L-FNNG: Accelerating Large-Scale KNN Graph Construction on CPU-FPGA Heterogeneous Platform

Chaoqiang Liu,Xiaofei Liao,Long Zheng,Yu Huang,Haifeng Liu,Yi Zhang,Haiheng He,Haoyan Huang,Jingyi Zhou,Hai Jin
DOI: https://doi.org/10.1145/3652609
IF: 2.837
2024-03-15
ACM Transactions on Reconfigurable Technology and Systems
Abstract:Due to the high complexity of constructing exact k -nearest neighbor graphs, approximate construction has become a popular research topic. The NN-Descent algorithm is one of the representative in-memory algorithms. To effectively handle large datasets, existing state-of-the-art solutions combine the divide-and-conquer approach and the NN-Descent algorithm, where large datasets are divided into multiple partitions, and a subgraph is constructed for each partition before all the subgraphs are merged, reducing the memory pressure significantly. However, such solutions fail to address inefficiencies in large-scale k -nearest neighbor graph construction. In this paper, we propose L-FNNG, a novel solution for accelerating large-scale k -nearest neighbor graph construction on CPU-FPGA heterogeneous platform. The CPU is responsible for dividing data and determining the order of partition processing, while the FPGA executes all construction tasks to utilize the acceleration capability fully. To accelerate the execution of construction tasks, we design an efficient FPGA accelerator, which includes the Block-based Scheduling (BS) and Useless Computation Aborting (UCA) techniques to address the problems of memory access and computation in the NN-Descent algorithm. We also propose an efficient scheduling strategy that includes a KD-tree-based data partitioning method and a hierarchical processing method to address scheduling inefficiency. We evaluate L-FNNG on a Xilinx Alveo U280 board hosted by a 64-core Xeon server. On multiple large-scale datasets, L-FNNG achieves, on average, 2.3 × construction speedup over the state-of-the-art GPU-based solution.
computer science, hardware & architecture
What problem does this paper attempt to address?

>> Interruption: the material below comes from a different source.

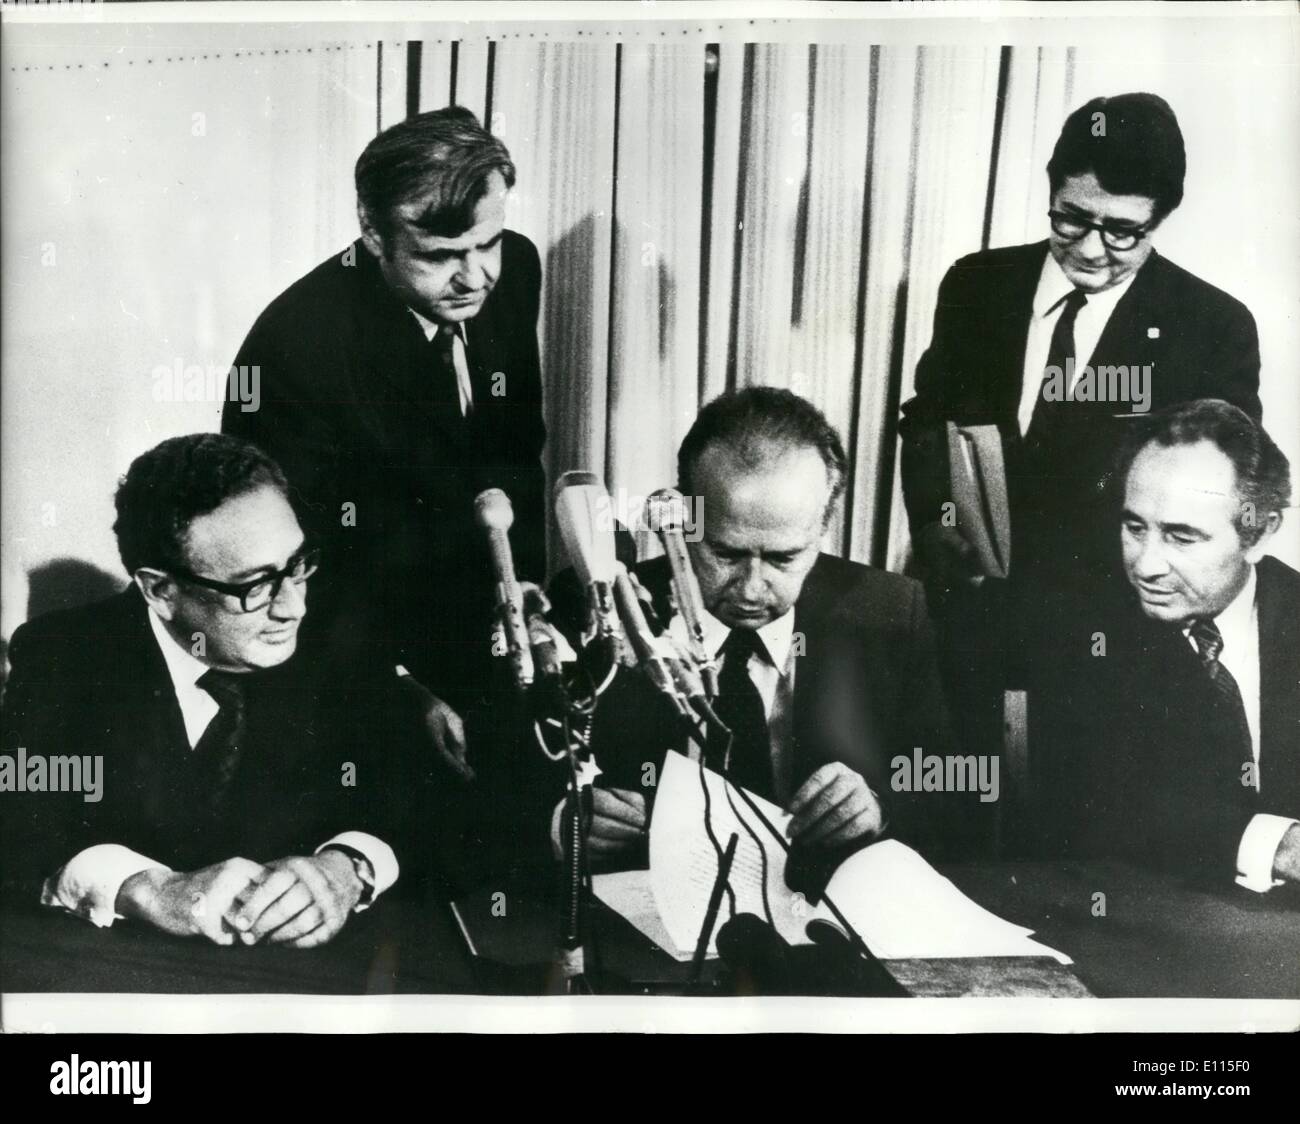 Septembre 09, 1975 - Le Premier Ministre israélien, paraphe le Israël - Egypte Accord de paix provisoire. Photo montre Itzhak Rabin, le Premier Ministre israélien, paraphe de l'accord intérimaire - Égypte Israël à Jérusalem, surveillée par le négociateur, Henry Kissinger (à gauche) Banque D'Images

The paper aims to address the efficiency issues in large-scale k-nearest neighbor (KNN) graph construction. Specifically, the paper proposes a new method called L-FNNG, which accelerates large-scale KNN graph construction on a CPU-FPGA heterogeneous platform through the following points: 1. **Algorithm Bottleneck Analysis**: - The paper first analyzes the performance bottlenecks of the existing NN-Descent algorithm on the CPU, finding that the computation phase occupies most of the execution time, indicating that high-dimensional vector operations become the main bottleneck. Additionally, due to irregular memory access patterns and a large amount of useless computation, the algorithm's execution efficiency is low. 2. **Problems with Existing Solutions**: - The current methods combining the "divide and conquer" strategy with the NN-Descent algorithm, although addressing the memory challenges brought by large-scale datasets, still have efficiency issues during the subgraph merging process. For example, randomly partitioning the dataset can lead to actual neighbor nodes being distributed in different partitions, resulting in most connections within each subgraph being between distant nodes. This not only increases the computational burden but also causes these edges to be replaced during the final merge. 3. **Core Contributions of L-FNNG**: - Proposes an efficient FPGA accelerator design, including Block-based Scheduling (BS) and Useless Computation Aborting (UCA) techniques, to optimize memory access and reduce unnecessary computation. - Develops a new scheduling strategy that uses a KD-tree to partition the dataset and employs a hierarchical processing method to ensure that nodes can establish connections with their nearest neighbors as early as possible, thereby accelerating the convergence process. - In experimental evaluations, L-FNNG achieved an average speedup of 2.3 times compared to the state-of-the-art GPU solutions on a 64-core Xeon server equipped with a Xilinx Alveo U280 card. In summary, L-FNNG effectively addresses the efficiency issues in large-scale KNN graph construction by optimizing the algorithm execution process, improving data scheduling strategies, and fully leveraging the parallel computing capabilities of FPGA.